### Data section:
▬▬▬▬▬▬

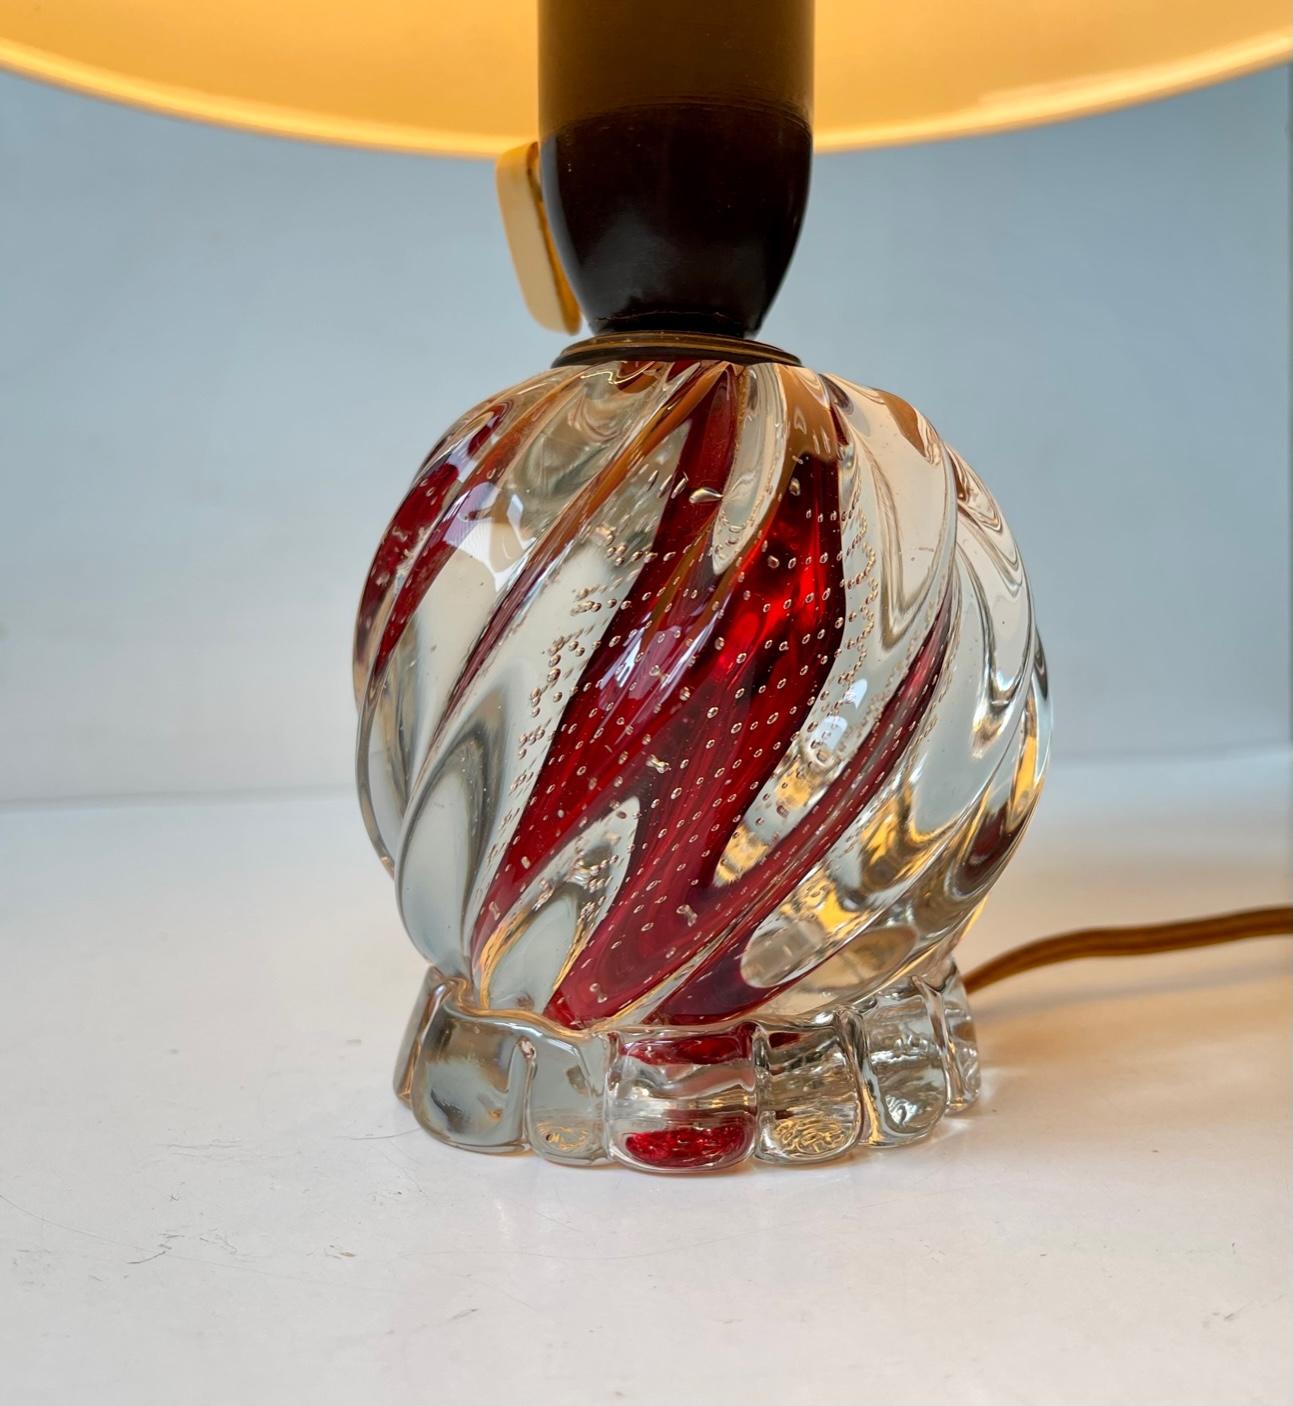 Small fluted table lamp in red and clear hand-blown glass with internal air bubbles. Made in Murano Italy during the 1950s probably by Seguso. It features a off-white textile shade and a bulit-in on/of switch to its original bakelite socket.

▬▬▬▬▬▬

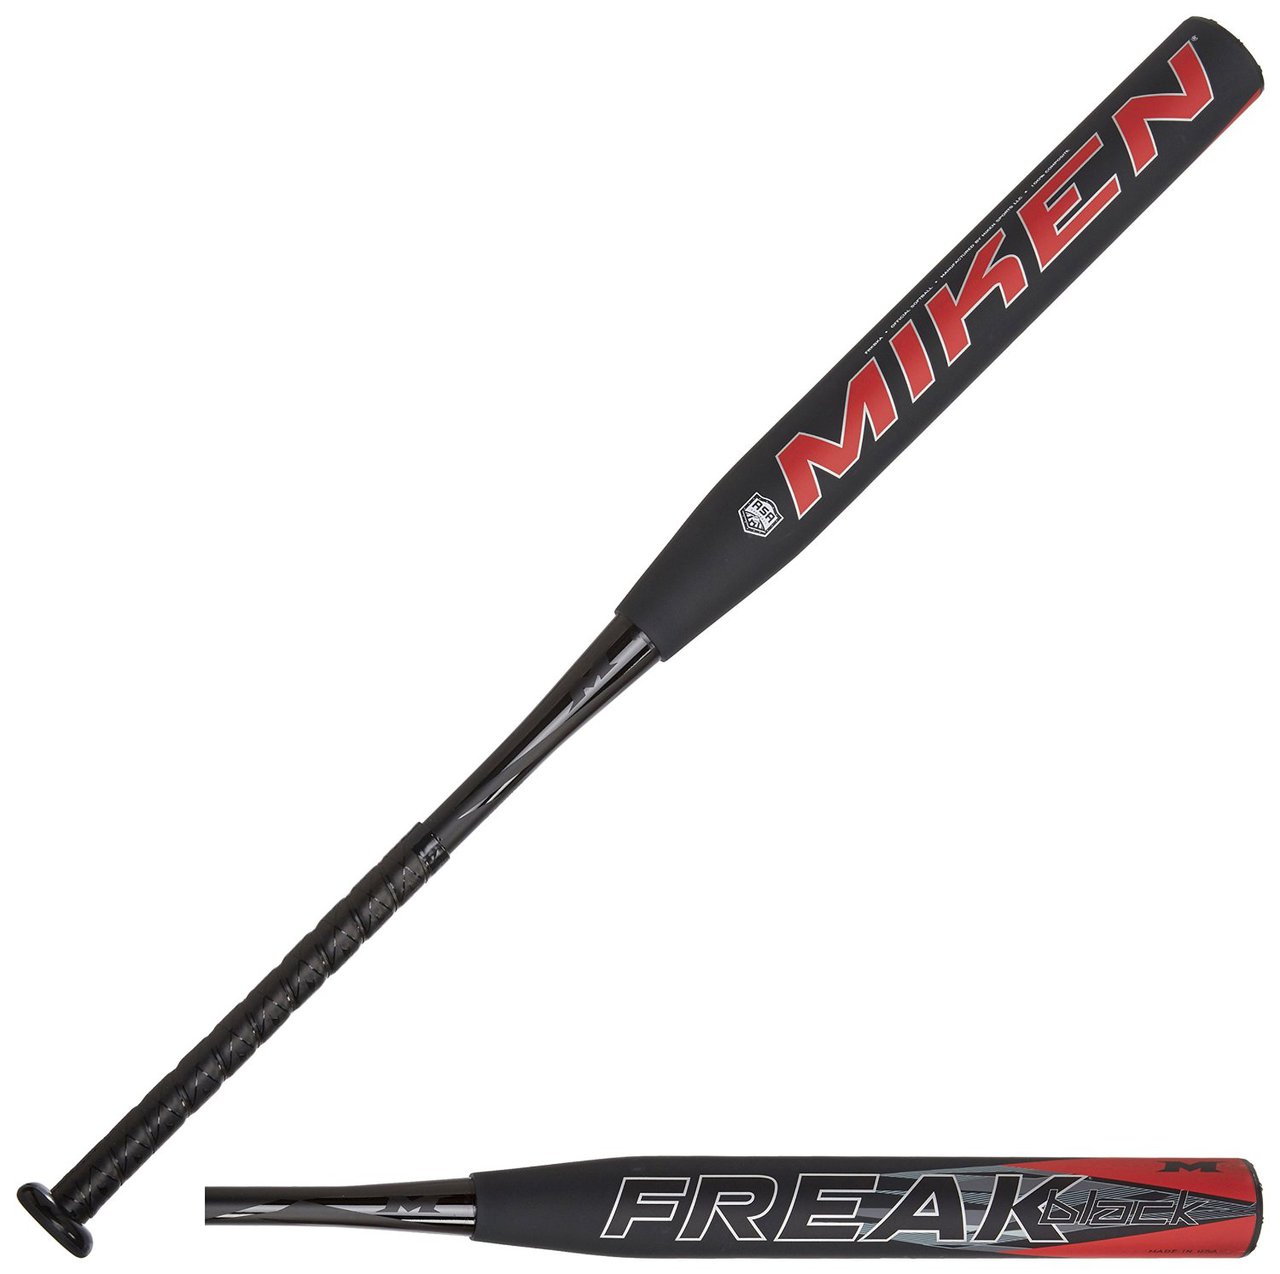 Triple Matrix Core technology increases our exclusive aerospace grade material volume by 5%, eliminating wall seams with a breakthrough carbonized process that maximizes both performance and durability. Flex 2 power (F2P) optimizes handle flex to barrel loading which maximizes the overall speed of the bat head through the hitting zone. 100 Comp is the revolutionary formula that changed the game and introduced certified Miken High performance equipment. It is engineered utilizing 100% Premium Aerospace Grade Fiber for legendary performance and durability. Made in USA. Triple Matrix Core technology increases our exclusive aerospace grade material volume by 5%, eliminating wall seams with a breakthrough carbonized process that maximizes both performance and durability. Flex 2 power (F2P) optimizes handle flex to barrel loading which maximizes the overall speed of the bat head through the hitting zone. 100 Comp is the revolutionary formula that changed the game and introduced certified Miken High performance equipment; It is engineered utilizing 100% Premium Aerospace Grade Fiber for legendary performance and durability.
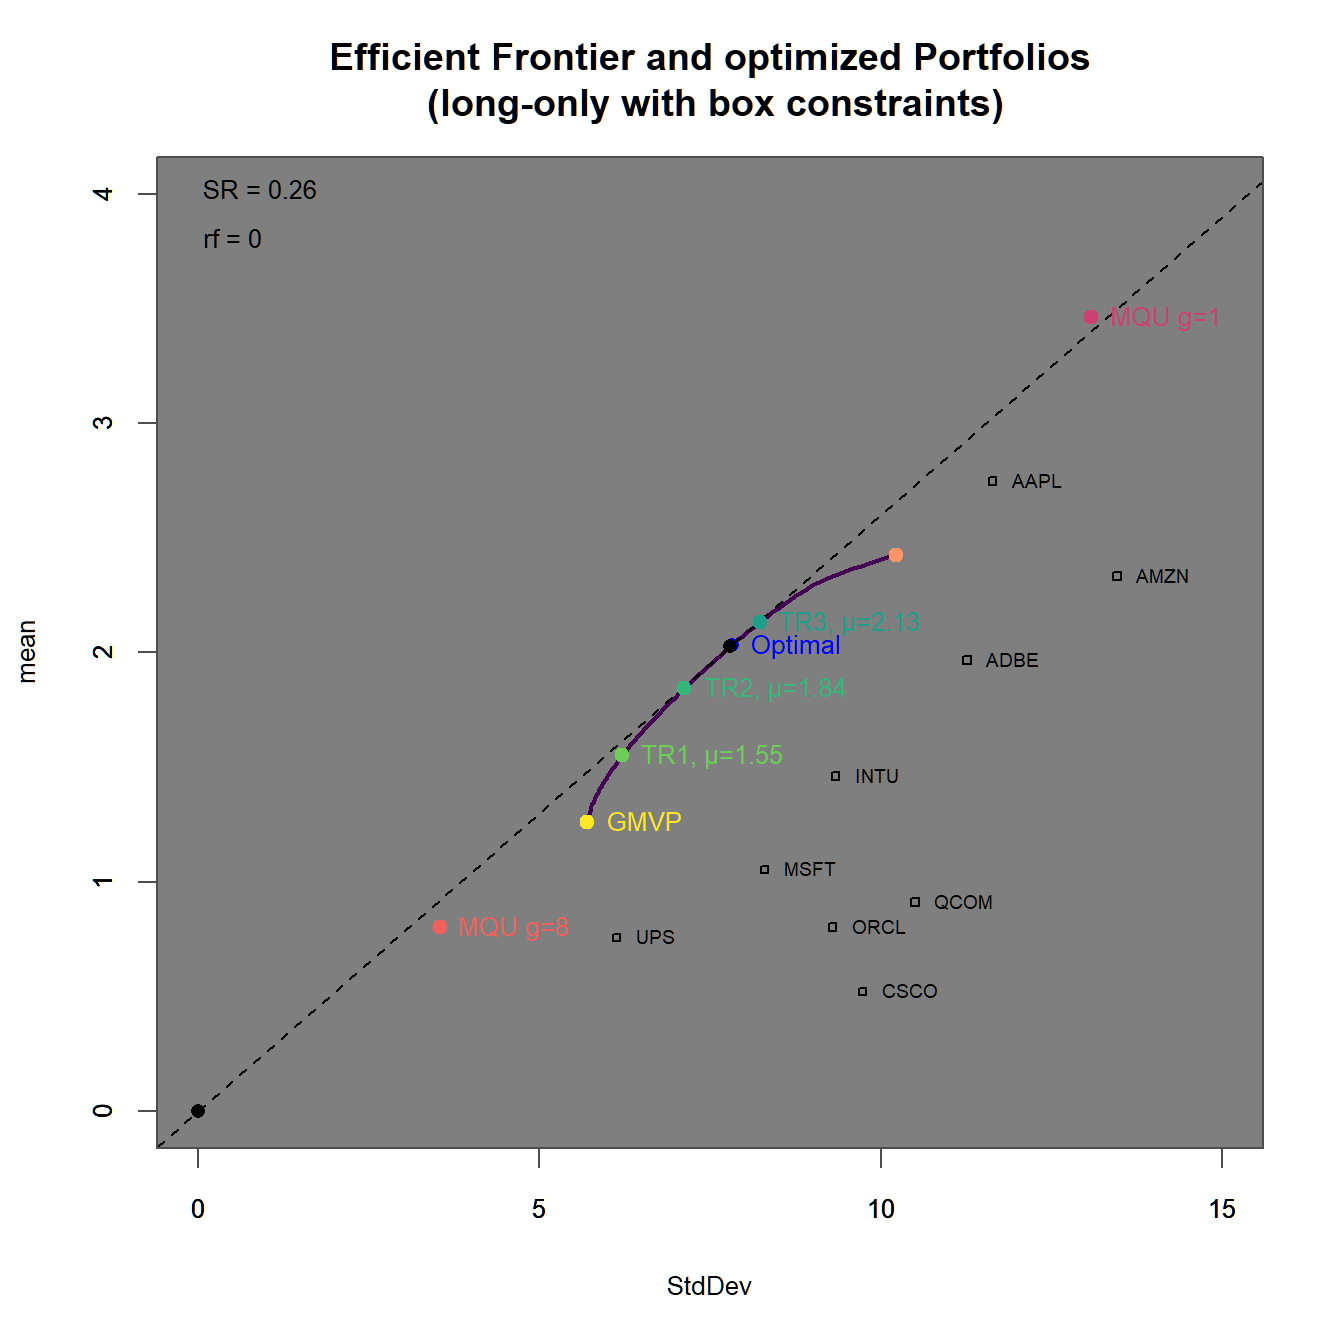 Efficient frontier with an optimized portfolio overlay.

▬▬▬▬▬▬

Working from the data above, repeat exactly, and only, the lines that begin at the line containing "High performance equipment." and stop after the line containing "Efficient frontier with"; pictures are not copied.

### Answer below:
 Triple Matrix Core technology increases our exclusive aerospace grade material volume by 5%, eliminating wall seams with a breakthrough carbonized process that maximizes both performance and durability. Flex 2 power (F2P) optimizes handle flex to barrel loading which maximizes the overall speed of the bat head through the hitting zone. 100 Comp is the revolutionary formula that changed the game and introduced certified Miken High performance equipment. It is engineered utilizing 100% Premium Aerospace Grade Fiber for legendary performance and durability. Made in USA. Triple Matrix Core technology increases our exclusive aerospace grade material volume by 5%, eliminating wall seams with a breakthrough carbonized process that maximizes both performance and durability. Flex 2 power (F2P) optimizes handle flex to barrel loading which maximizes the overall speed of the bat head through the hitting zone. 100 Comp is the revolutionary formula that changed the game and introduced certified Miken High performance equipment; It is engineered utilizing 100% Premium Aerospace Grade Fiber for legendary performance and durability.
 Efficient frontier with an optimized portfolio overlay.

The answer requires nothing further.